Results can be copied or downloaded as a CSV file.

FAQ

How accurate is Naegele's rule?

Naegele's rule is a widely used estimate, not a guarantee — actual gestation length varies naturally by more than two weeks even for a healthy, full-term pregnancy. It also assumes a regular 28-day cycle with ovulation on day 14; the cycle-length adjustment here corrects for that assumption, but an ultrasound dating scan in the first trimester is generally considered the most accurate way to confirm a due date.

Why does the conception-date method subtract 266 days differently from the LMP method's 280?

They land on the same due date for a textbook cycle: conception typically occurs about 14 days after the LMP, so LMP + 280 days equals conception + 266 days. The calculator actually derives an "estimated LMP" from whichever date you provide (conception − 14 days, or transfer date − 14 days − embryo age), then applies the same 280-day rule from that point — which is why every method's output includes an "Estimated LMP" row even if you never entered one directly.

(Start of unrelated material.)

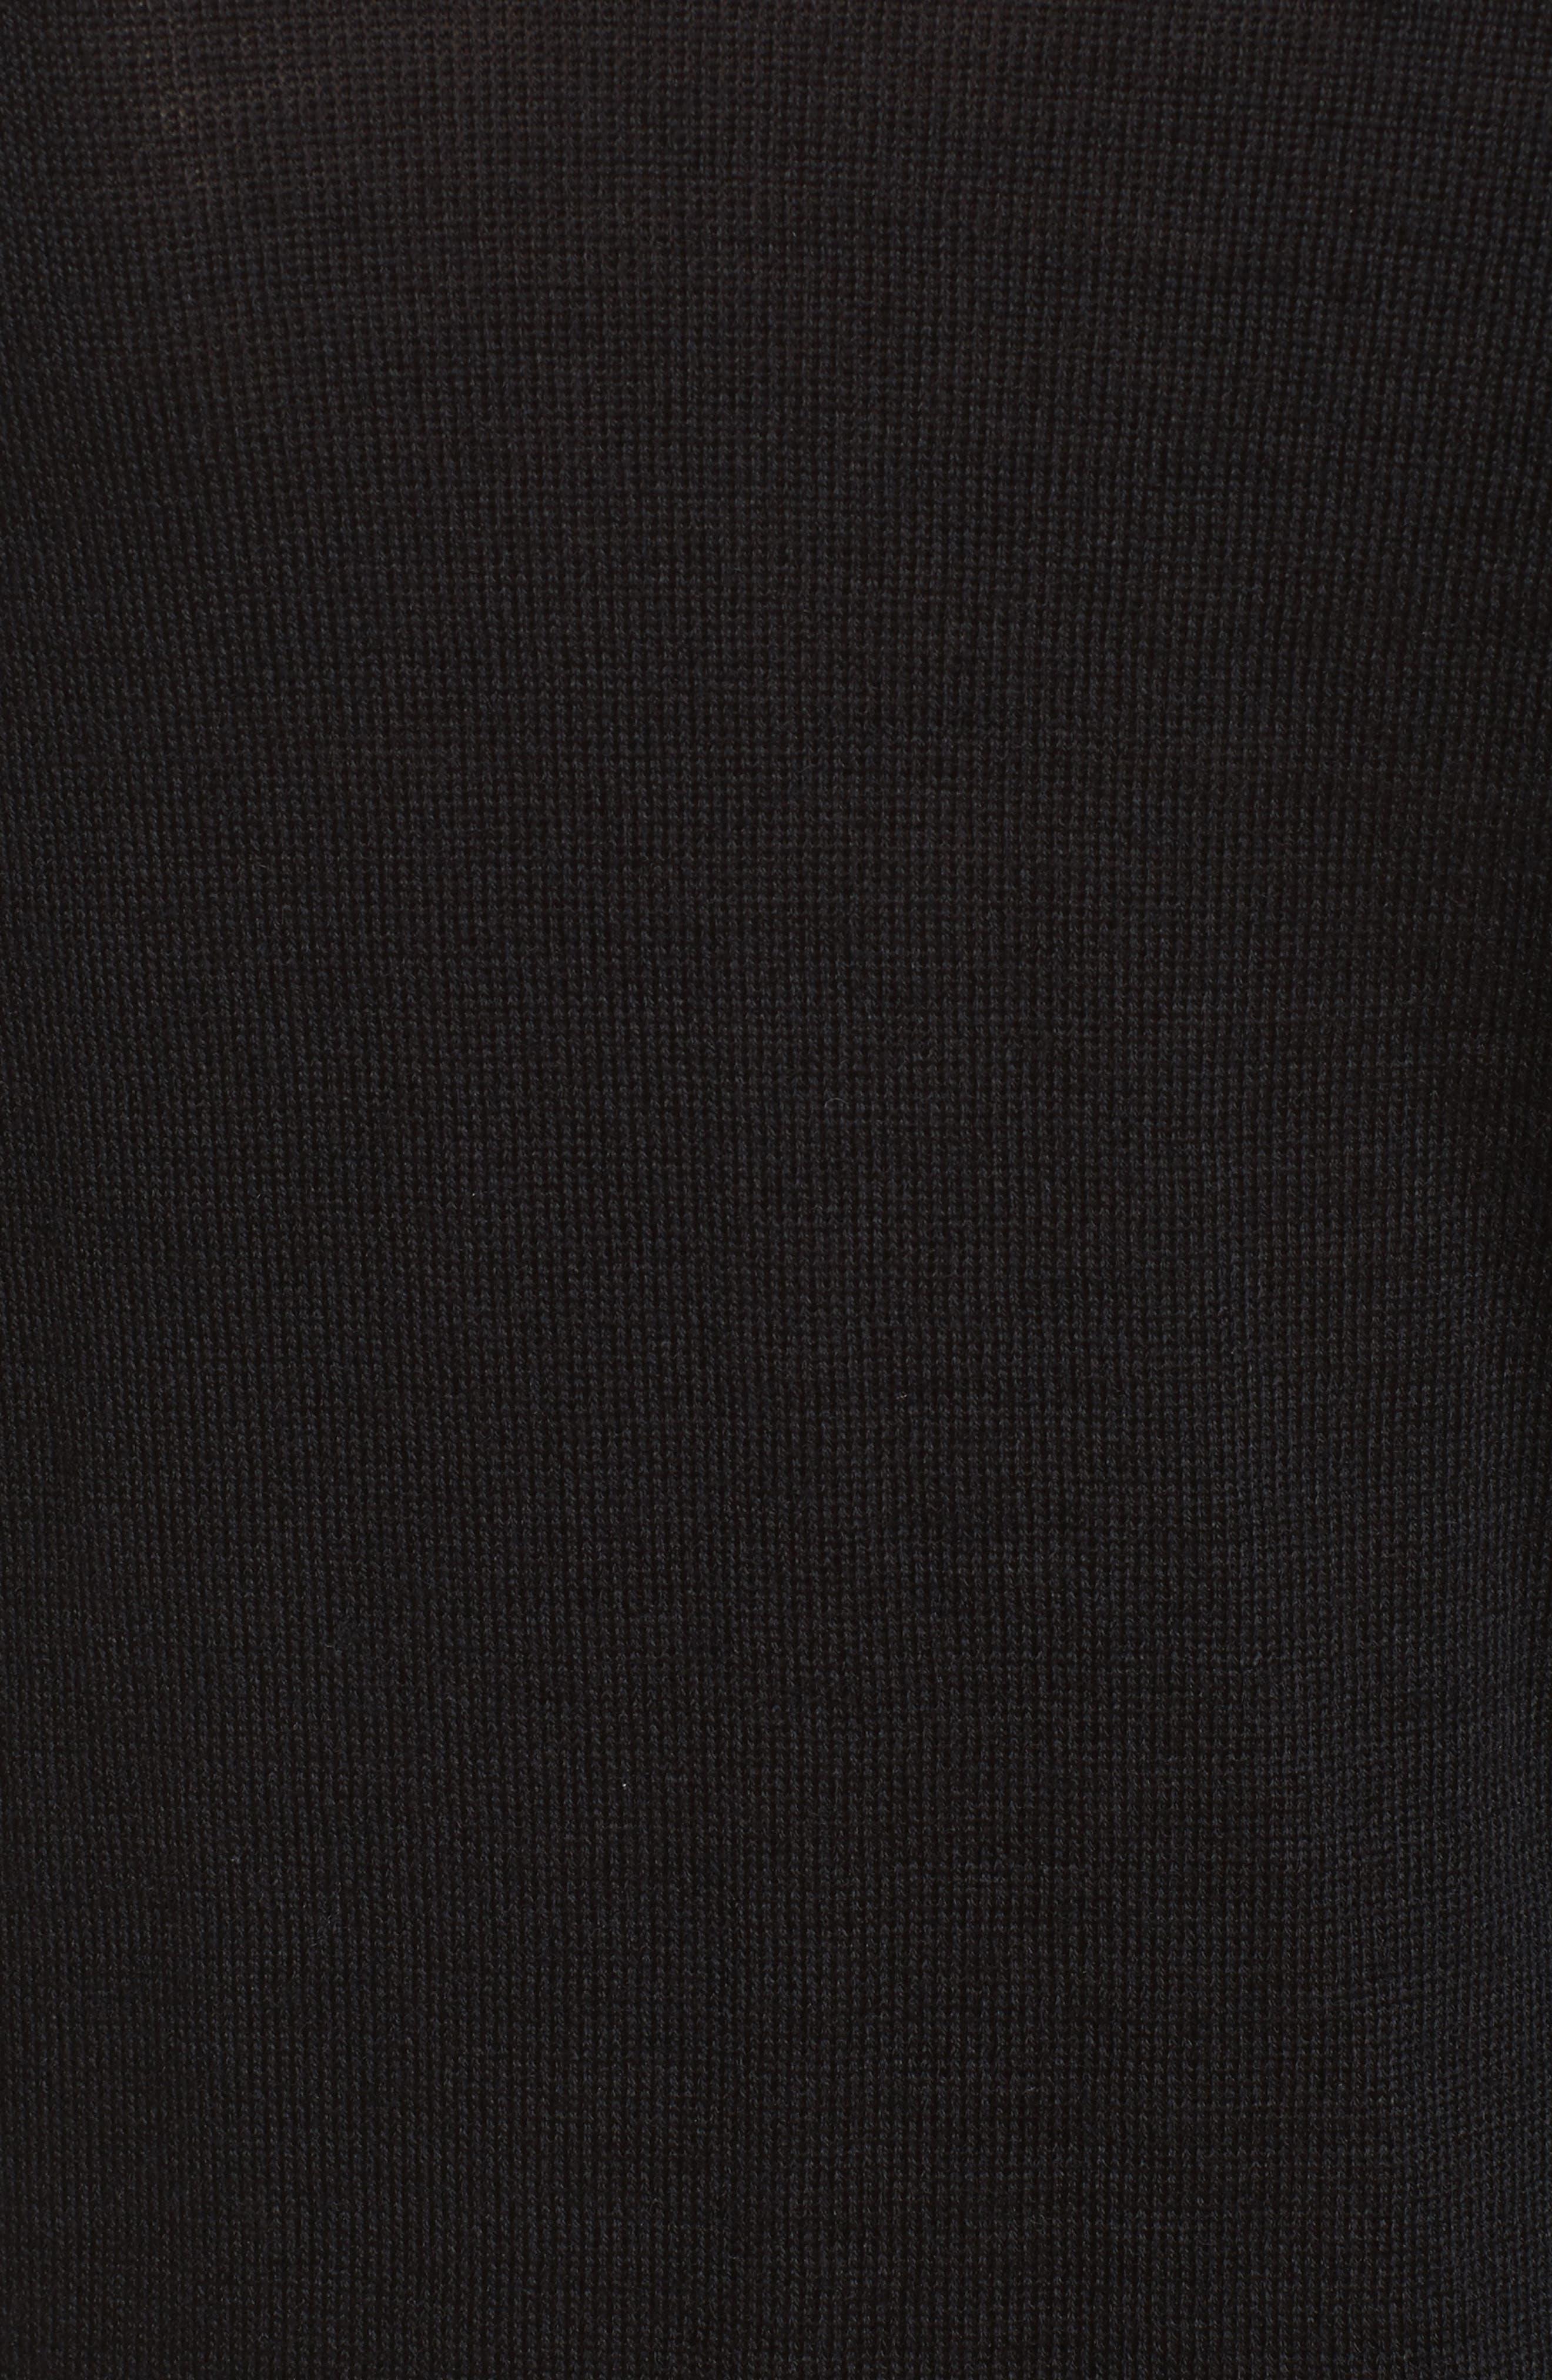 Floral Appliqué Button Cardigan,                             Alternate thumbnail 5, color,                             001

What do "Day 3 Embryo" and "Day 5 Blastocyst" mean for the IVF method?

They describe how many days the embryo was cultured before transfer. A Day 5 blastocyst transfer is equivalent to a natural conception 5 days earlier than a Day 3 transfer, so the calculator subtracts a different offset (14 + 5 = 19 days for a blastocyst, 14 + 3 = 17 days for a Day 3 embryo) from the transfer date to back out the estimated LMP.

Why does gestational age show "Not yet pregnant on this date"?

This appears when the "As of Date" falls before the estimated conception date implied by your inputs — for example, if you set a reference date earlier than the LMP-derived conception date. It's a sign the reference date and the pregnancy dates don't overlap, not an error in the calculation.

Is my data sent anywhere?

No. All dates are processed entirely in your browser — nothing is uploaded or stored, and the calculation works the same way offline.